The team are also using a similar kind of analysis to create chemical fingerprints for the stone jars, which can then be matched to potential quarry sites.

“Geochronology work has so far confirmed that the jars, some weighing more than 20 tonnes, were transported from quarry sites eight to 10 kilometres away,” says Dr Shewan.

But we still don’t know how the jars were moved.

“The actual mechanism of transport is another area of the research.”

Dr Shewan excavating Burial 5 at Site 1 alongside student Joanna Koczur. Picture: Plain of Jars Research Project

USING AN EYE IN THE SKY

As the work continues, the team are using drones to take photographs and video footage to create 3D models and build a much richer map of jar sites than they can from the ground.
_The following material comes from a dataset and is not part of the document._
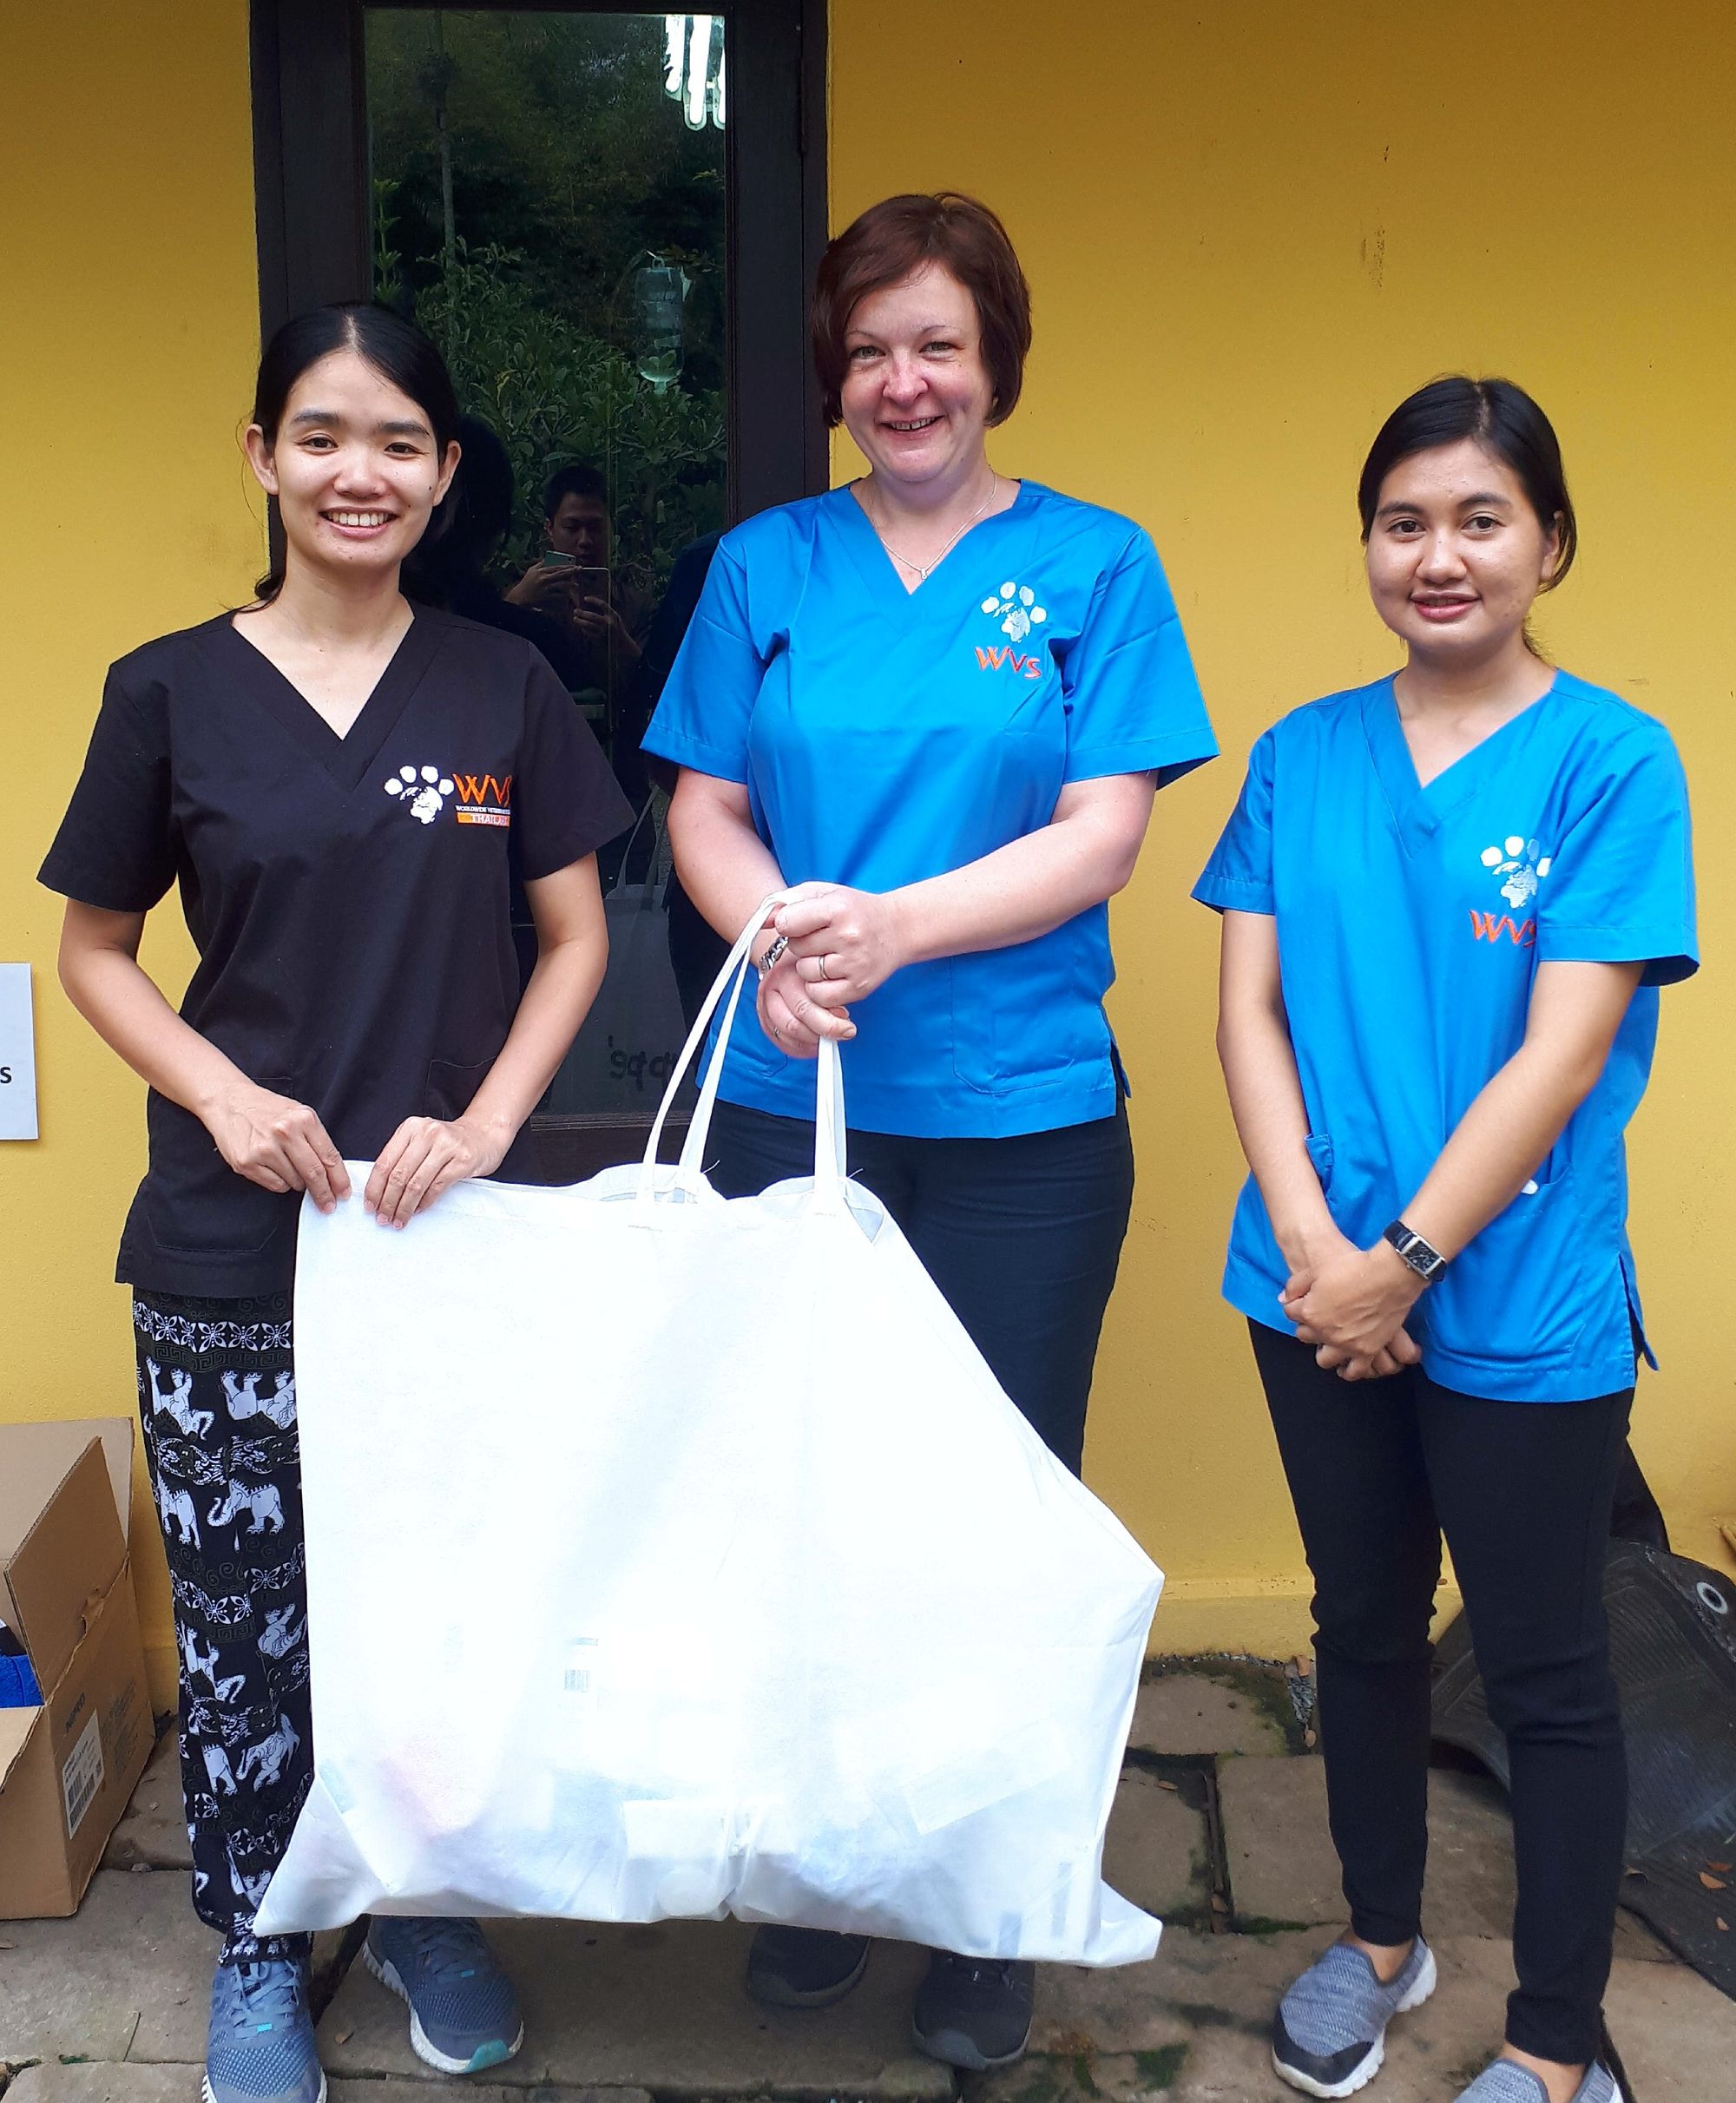 “What a week!” - Life as a Centaur sponsored Vet Nurse at ITC Thailand

“We will use drone images to explore possible spatial patterning in jar placement, search for habitation areas as we don’t know where the population lived, measure distances between jar sites and observed quarry sites,” says Dr Shewan.

“And potentially find new sites under the forest canopy using drone-mounted lidar.”

Lidar technology uses a pulsed laser to measure distance from the drone and can penetrate canopied and inaccessible sites providing highly accurate details of the ground surface.

Remarkably, similar jars sites have been found over 1200 kilometres away in northeast India.

“The Assam sites are now gaining renewed interest given identified linguistic and genetic connections between Southeast Asia and Northeast India, and we hope to more fully explore these sites and the links between them in collaboration with our colleagues in India in the near future,” says Dr Shewan.

Dr Shewan, who has previously worked on prehistoric sites near the World Heritage site of Angkor Wat in Cambodia, is excited to see the Plain of Jars recognised in the same way.

Researchers are using drones, ground penetrating radar and advanced chemical analysis to try and solve the puzzle of the jars. Picture: Plain of Jars Research Project

“The World Heritage listing of the Lao megalithic jar sites will bring this unique cultural landscape to global awareness, leading to greater conservation of the sites.

“It heightens the need to understand more about the culture that created the sites.”